Mike Robinson of Double Diamond Fruit in Quincy suspects problems will transcend the pandemic. The royalty structure requires high prices that he doubts the Cosmic Crisp can sustain with the projected rapid rise in volume in the coming years.
“This apple, based on the numbers that are coming, has to do better than any other apples we’ve introduced,” he said. “And it’s not doing that this year.”
WSU expects about 10.5 million boxes to reach the market in 2022.
Meanwhile, some warehouses have been noticing problems with grease, or natural wax, on the Cosmic Crisp at packing time. “It may be grower friendly, but it doesn’t seem to be packer friendly,” Robinson said, though he stressed he likes the apple for how it eats and stores.
The industry was given seemingly conflicting advice about harvest timing, he said. Growers were warned not to pick fruit early, or it won’t be tasty enough, but wait just a touch too long and they end up with waxy fruit that’s hard to clean up on the packing line. Finding the sweet spot is easier said than done.
Carolina Torres, WSU endowed chair of postharvest systems, has been surveying packers about greasiness and other characteristics of the Cosmic Crisp. Results are still pending, but the share of greasy apples seems less this year than last year, she said.
Sometimes the greasiness doesn’t show up until the apple is on store shelves at room temperature. Carnauba, a palm oil-based wax, is especially permeable to the apple’s natural wax, Torres said.
She also has noticed variability between lots. She aims to find common threads that tie greasiness to certain growing areas, harvest timing, tree maturity, storage practices or other factors.
“We’re going to put all of that in the blender to understand the greasiness situation,” Torres said.
The university and Proprietary Variety Management are trying to develop more tools to help growers make such calls, said Torres and Jill Burbery, communications and operations manager for PVM, the Yakima company hired by WSU to manage the commercial rollout of the WA 38, the Cosmic Crisp’s name before it is packed. They’ve always relied on starch scales, but they envision phone apps or booklets that use photos with color guidance or even metrics from pressure meters or dry matter.
Lynnell Brandt, president and CEO of PVM, called all the problems temporary. “Certainly, this last year has been a trying year for the entire industry,” he said.
In a WSU webinar in February, the company said the Cosmic Crisp at one point had the highest average retail price in the United States and that a small number of apples were expected on store shelves in Italy this year, as the first international license to reach the market. Other topics included royalty updates and tree planting trends.
Attendees sent in dozens of questions about everything from international license enforcement (left up to the license holder in each region, because they have the incentive to police their own backyard), marketing efforts (broad and ongoing with some in-store sampling to resume this year) and fruit quality in some Yakima-area retail stores (it’s up to everybody to stem clip and pack only high-quality fruit).

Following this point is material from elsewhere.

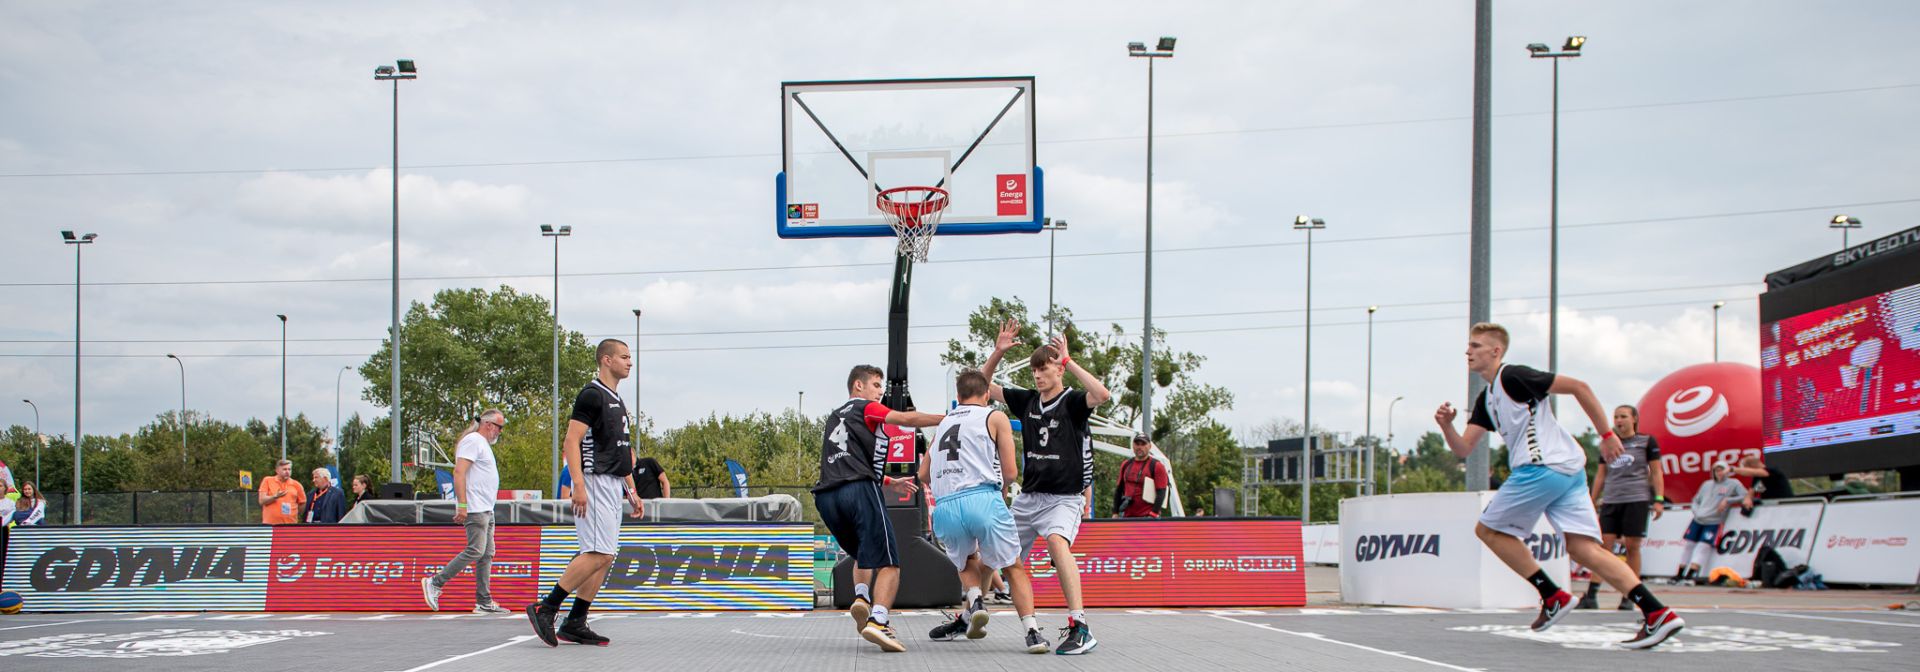 Koszykarze podczas turnieju 3x3 Gdynia 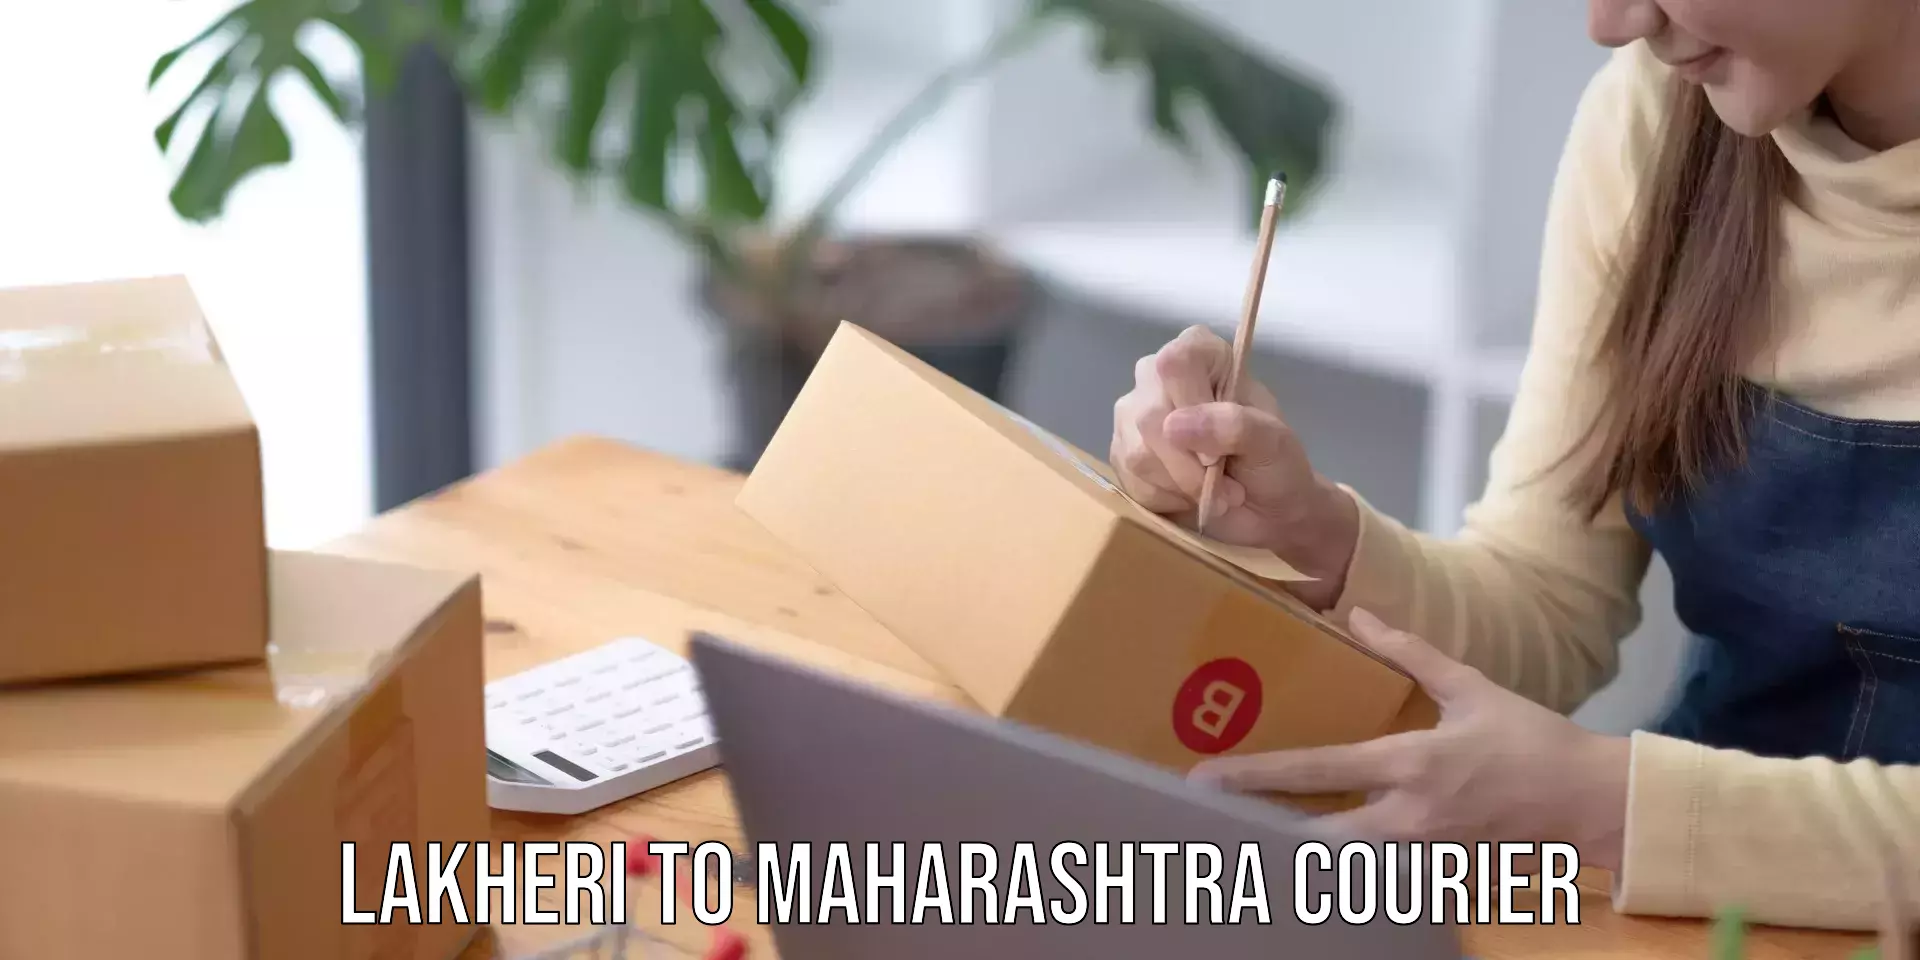 Affordable parcel service Lakheri to Maharashtra

As for prices, PVM licenses growers and shippers but does not get involved with any sales, Brandt said. He also reminded the industry that all WA 38 trees are still, at most, in the fourth leaf and therefore unpredictable — a sentiment echoed by WSU researchers.
“As we get more age in the bulk of our acreage out there, a lot of those things will be alleviated,” he said. •
—by Ross Courtney
Editor’s note: This story was corrected to say that WSU hosted the February webinar, not PVM.